The sudden explosion of OpenAI’s ChatGPT and other large language models has led to renewed attention on artificial intelligence that’s capable of mimicking speech, especially for well-known figures. It has left some spectators fearful of a rise in deepfake-fueled misinformation, copyright chaos, or possibly even the destruction of reality itself. It will almost certainly lead to some pretty cool art too.
Deepfakes and art, specifically music, have a years-long symbiotic history. Musicians, often some of the earliest adopters of all bleeding-edge tech, have been thinking with algorithms to make music and generate strange, and at times unsettling, videos for years. When used creatively, deepfake images can help musicians like Kendrick Lamar buttress their stories by inserting jarring, alternative perspectives from different faces. In other cases, more advanced AI models can ingest the corpus of a musician’s library and spit out an entirely new creation. The evolution of digital music tools means those constructions can come to life in what sounds like a real song. Some creators have used this technique to essentially bring deceased musicians like Nirvana’s Kurt Cobain back from the grave.
The gradual iteration and improvement of deepfakes in music isn’t just about the art either.
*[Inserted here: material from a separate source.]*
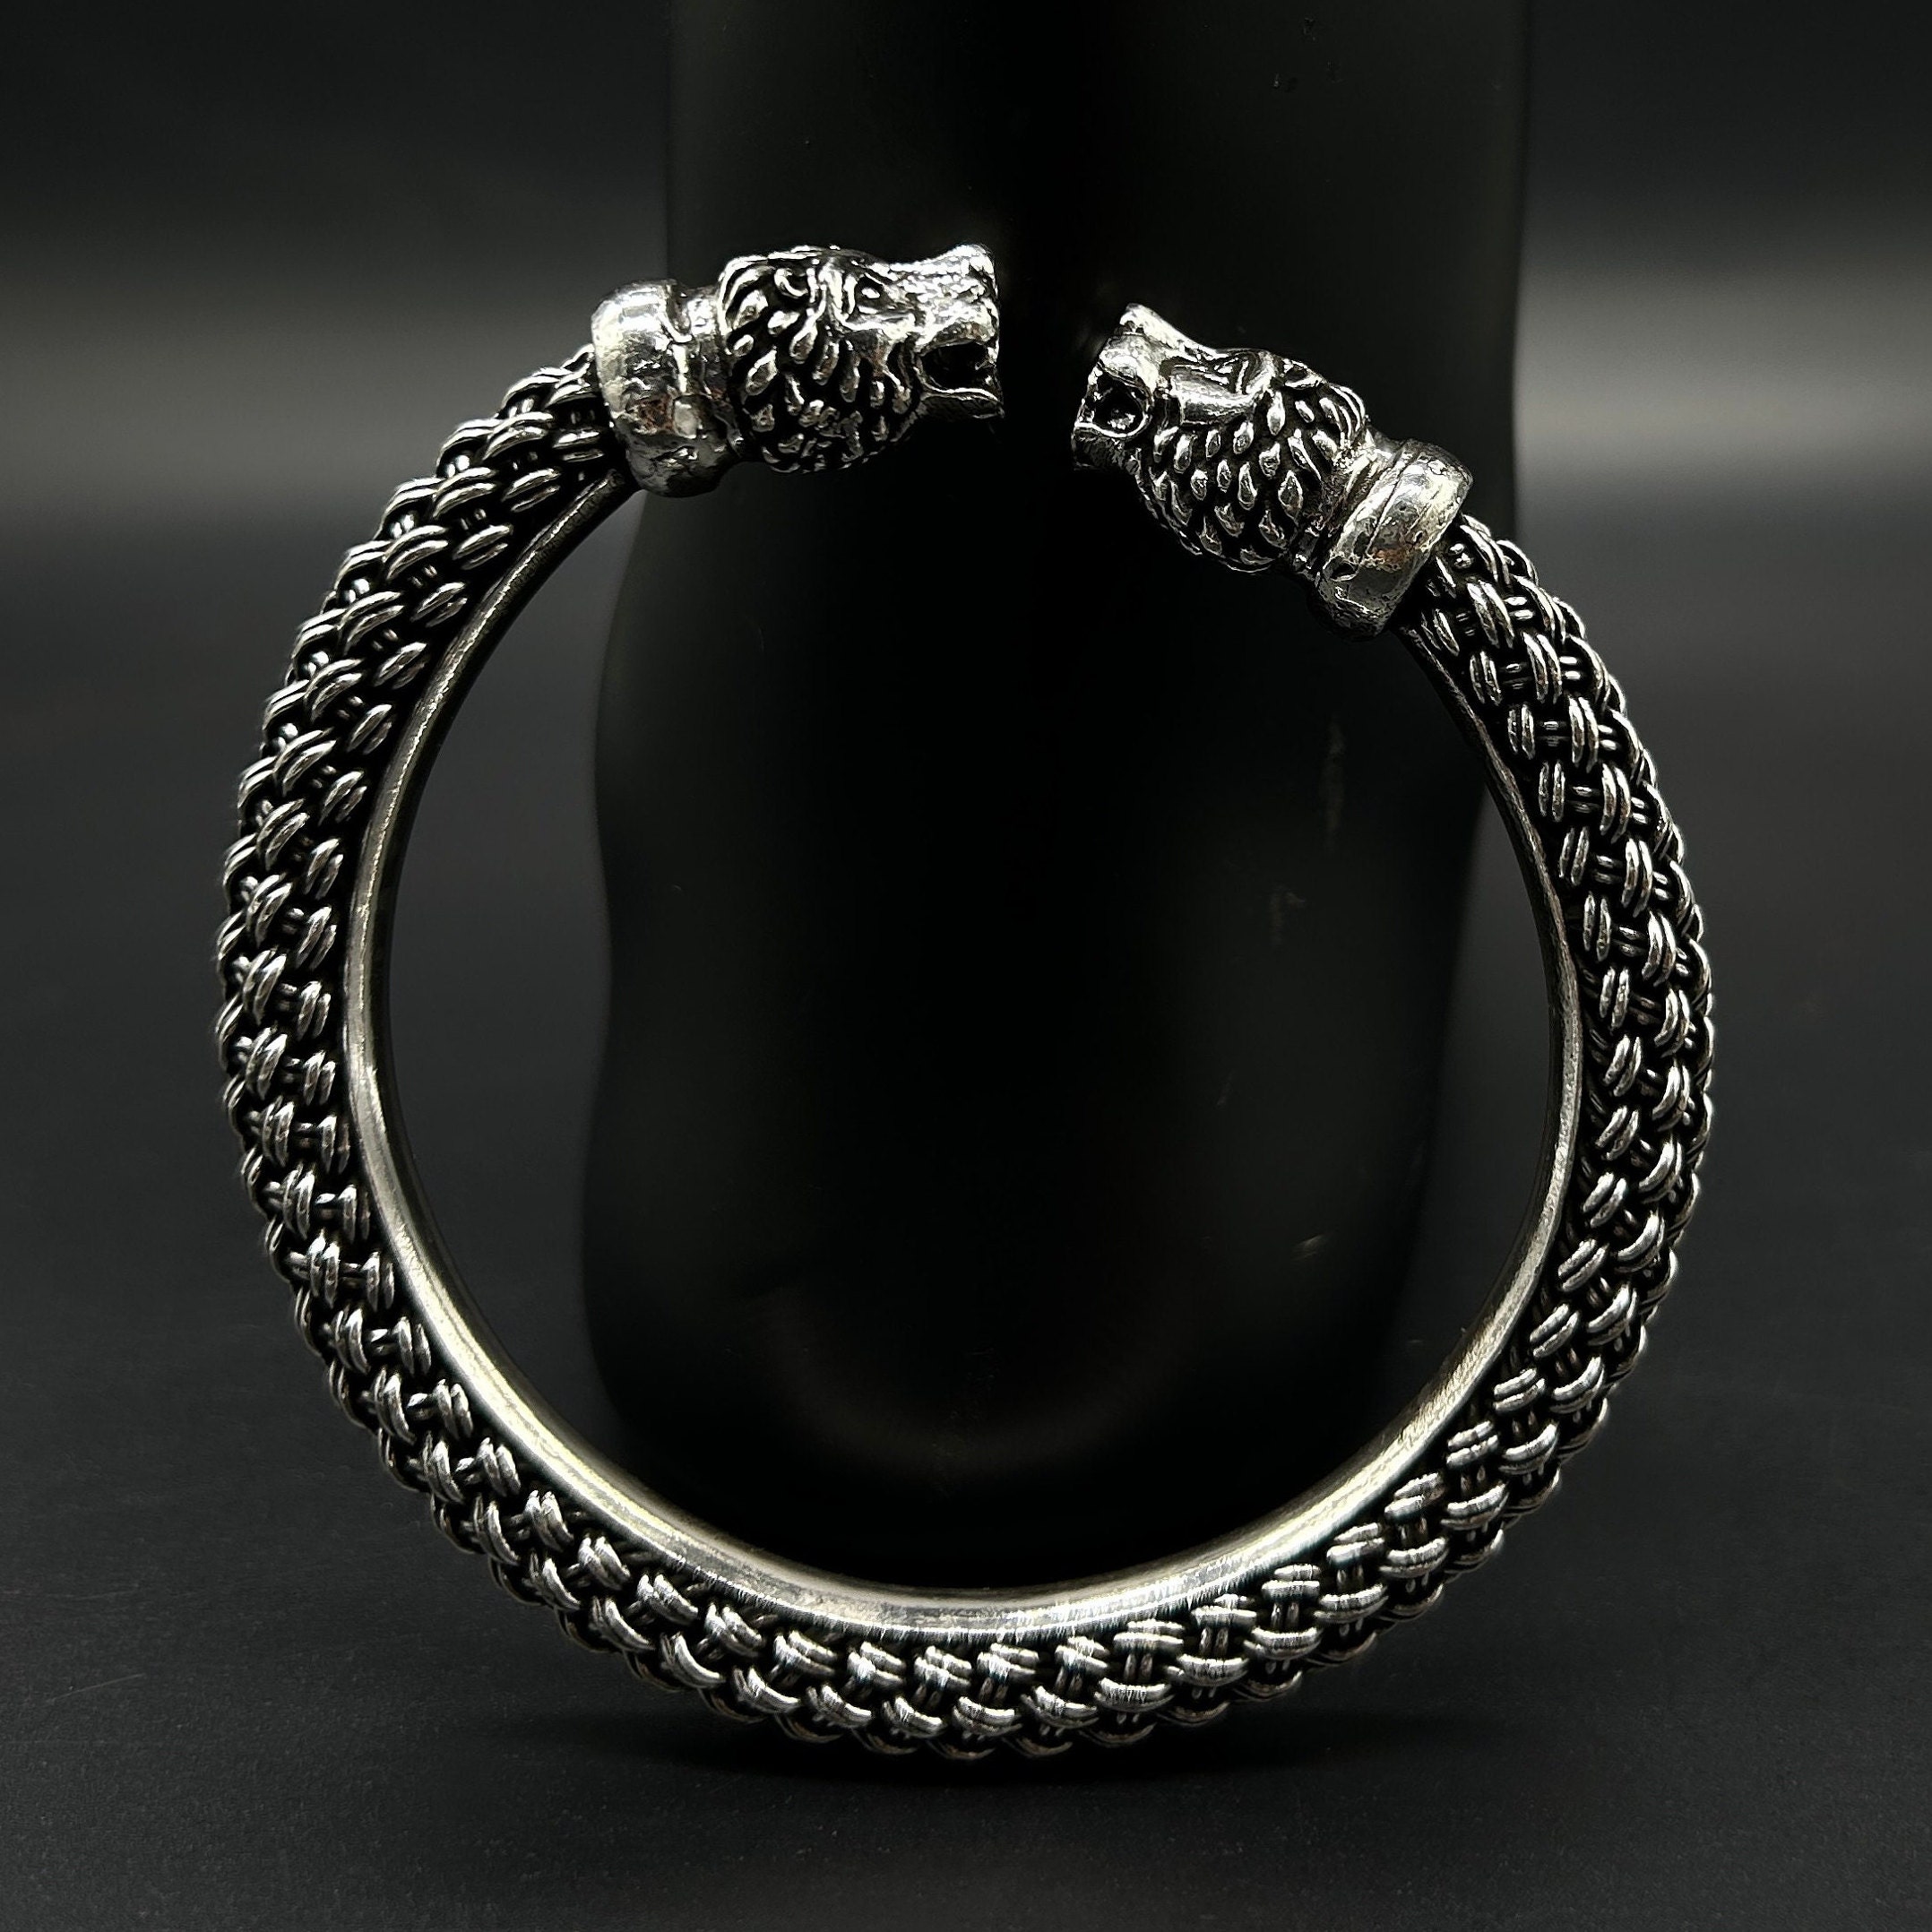 Men's Silver Rope Bracelet (2.5mm) - Silver Bracelet For Men |  Twistedpendant
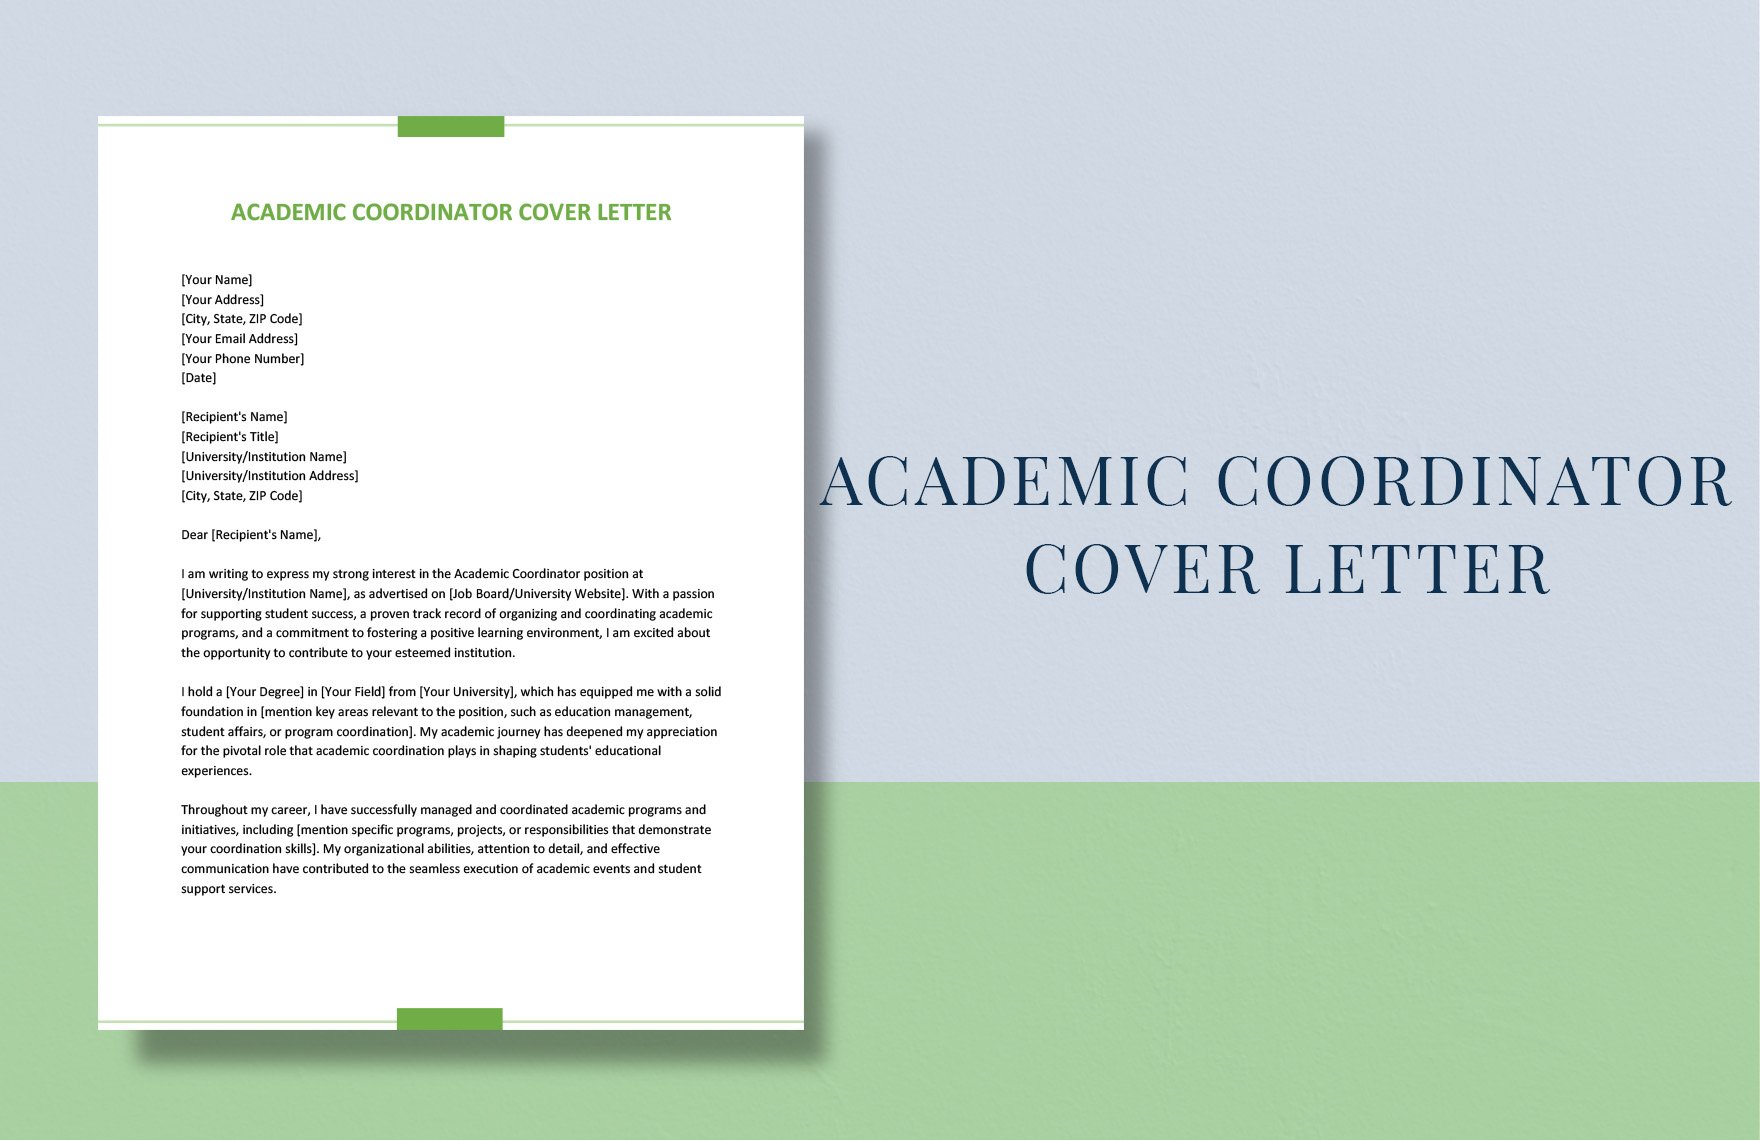 Academic Coordinator Cover Letter in Word, Google Docs

Over time, these creations display the growing power and accessibility of AI tools. In just a span of two or three years, deepfake music videos have improved dramatically. That’s thanks in part to the breakneck speed of improvements in AI. Engineers and creators are just now starting to scratch the surface of what’s possible when combining music with more advanced generative AI tools. The slides that follow serve as a brief history of the novel, weird, and often flat-out goofy examples of deepfakes in music up to this point.
Our first entry may not exactly meet a textbook definition of deepfakes, but it nonetheless helps lay the conceptual groundwork for many other examples that would follow it. The song is attributed to Lil Miquela, a first-of-its-kind digitally constructed “influencer” who became a viral sensation in the late 2010s after duping untold numbers of Instagram scrolled into believing it was a real person.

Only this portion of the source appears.